CCD-986sk cell viability on Zr60.5Ti3Al9Fe4.5Cu23 BMG and Ti6Al4V alloy after 24-h incubation

Fig. 9
figure 9

SEM images of CCD-986sk cells adhesion on a Ti6Al4V alloy and b Zr60.5Ti3Al9Fe4.5Cu23 BMG

4 Conclusion

In the present work, a series of Zr63.5−xTixAl9Fe4.5Cu23 (x = 0−6.0) BMGs were successively designed and fabricated. The results suggested that the glass-forming abilities and mechanical properties of Zr63.5−xTixAl9Fe4.5Cu23 BMGs can be enhanced by adding an appropriate amount of Ti.

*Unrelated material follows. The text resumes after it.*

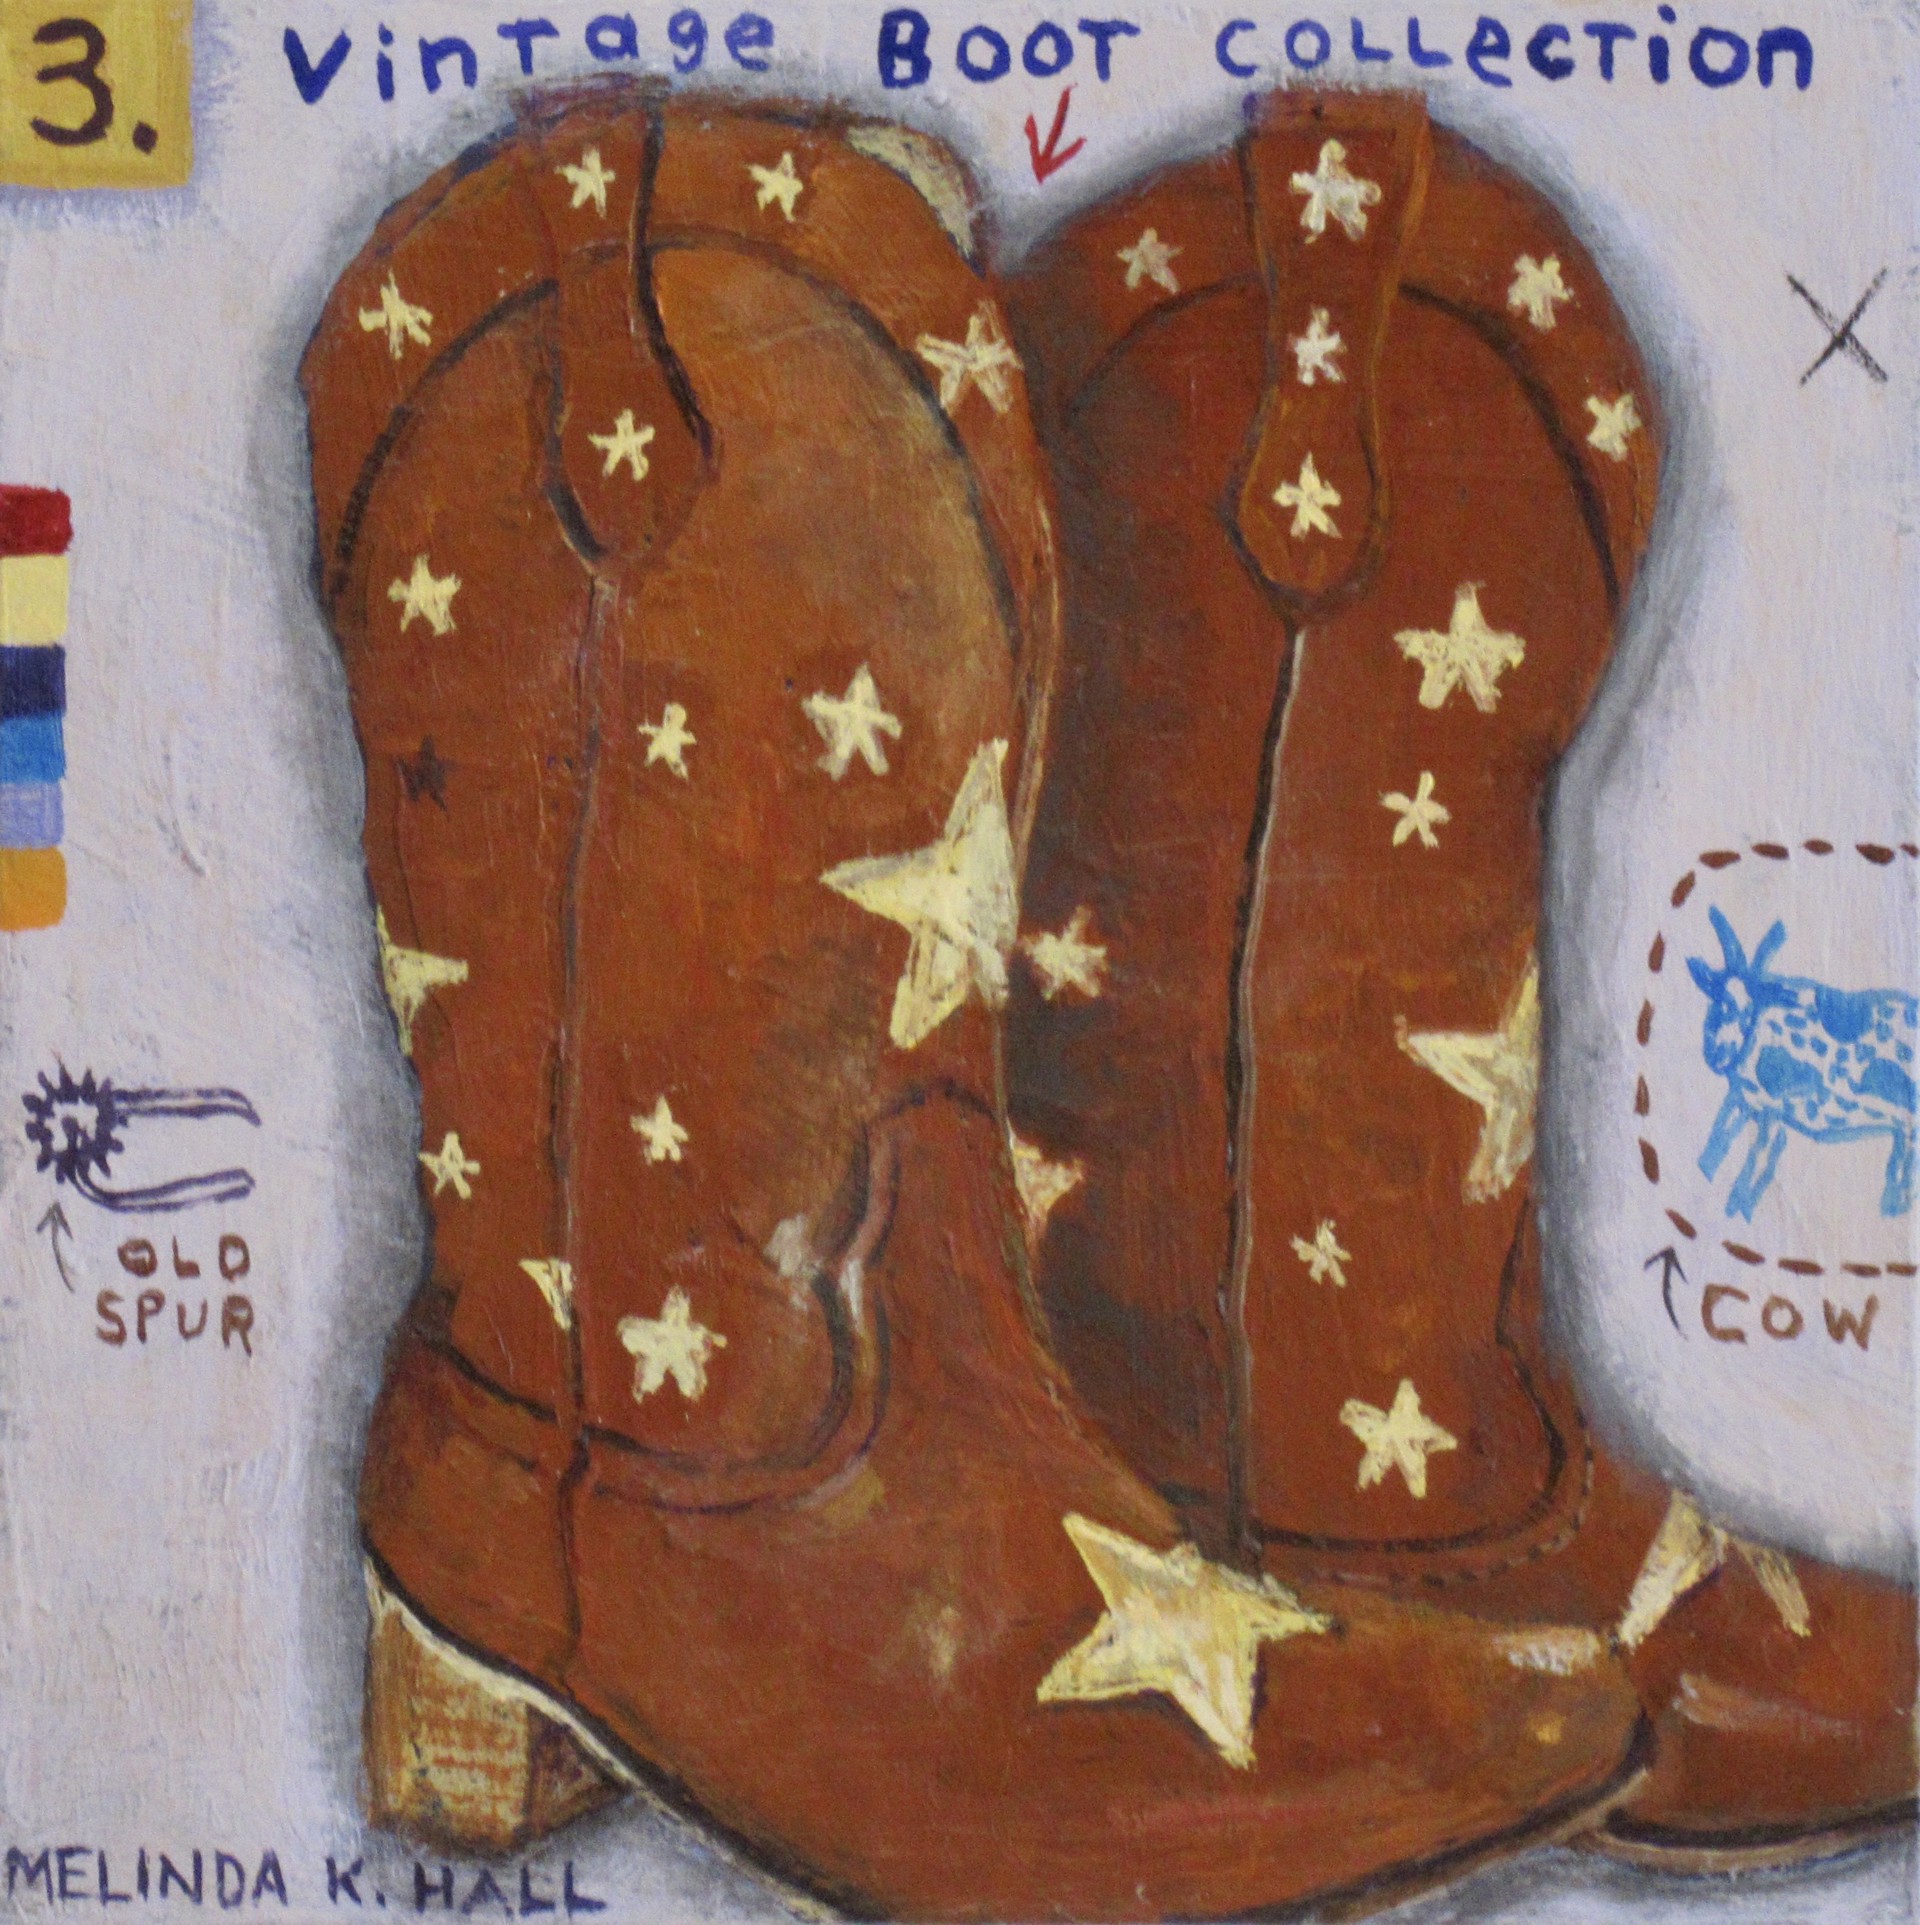 Vintage Boot Collection #3 by Melinda K. Hall
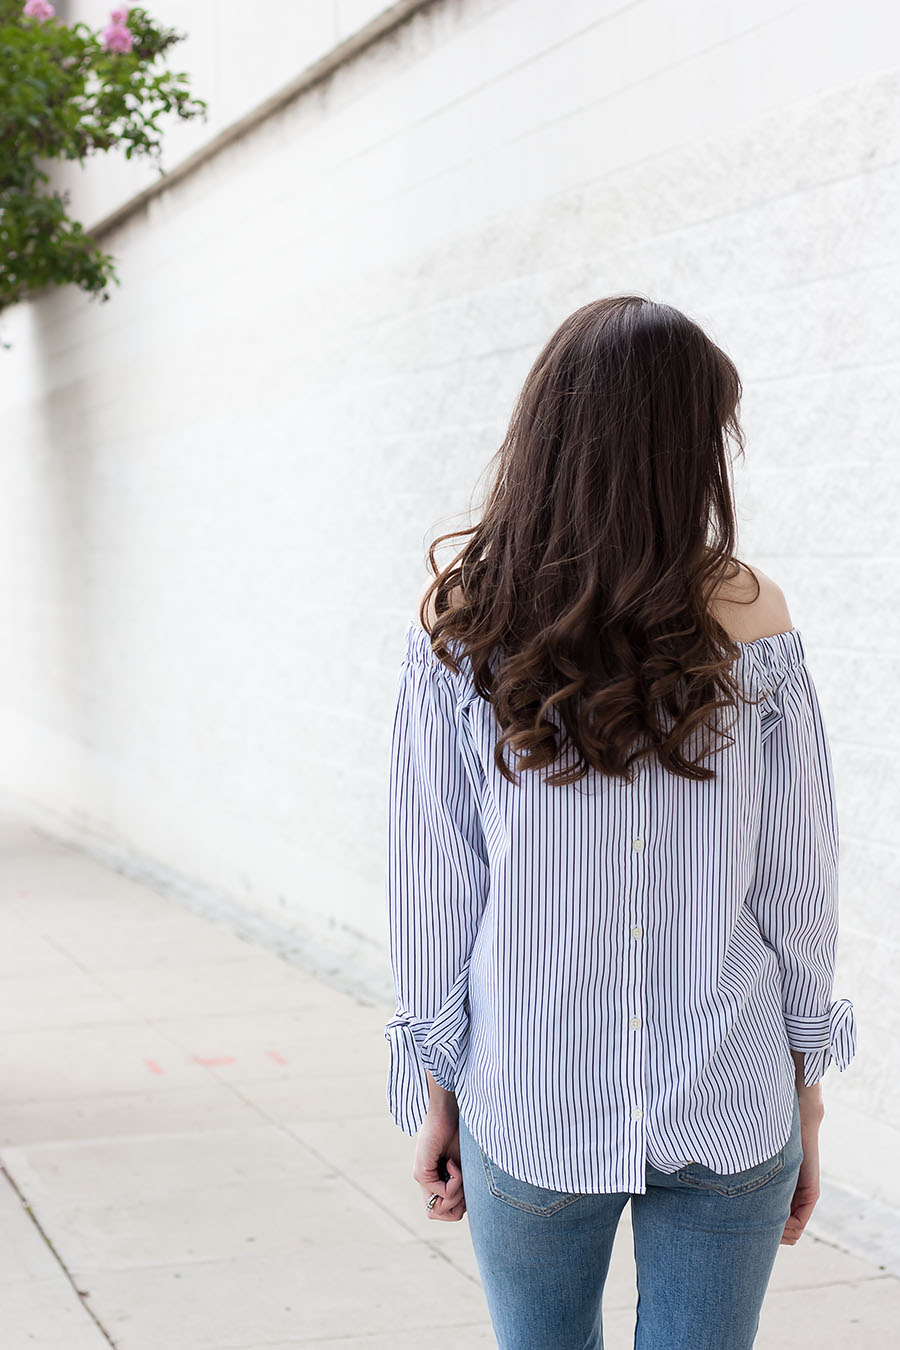 Button Back Off the Shoulder Top, Long Hair, Long Hairstyle, Banana Republic

The Zr60.5Ti3Al9Fe4.5Cu23 (x = 3.0) BMG showed the highest glass-forming ability (dmax = 10 mm) as well as room-temperature compressive plasticity (εp = 4.7%). This may be attributed to the alloying effect of Ti which aggravates the structural heterogeneities in the amorphous alloys due in part to the positive heat of mixing between Ti and Zr. In addition, the BMG shows excellent biocorrosion resistance, and its passive current density is two orders of magnitude lower than that of Ti6Al4V alloy. The cell viability of 65.4% on BMG is obviously superior to that on Ti6Al4V alloy (46.6%), demonstrating good biocompatibility. These results indicate that Zr60.5Ti3Al9Fe4.5Cu23 BMG shows considerable potential for biomedical device applications.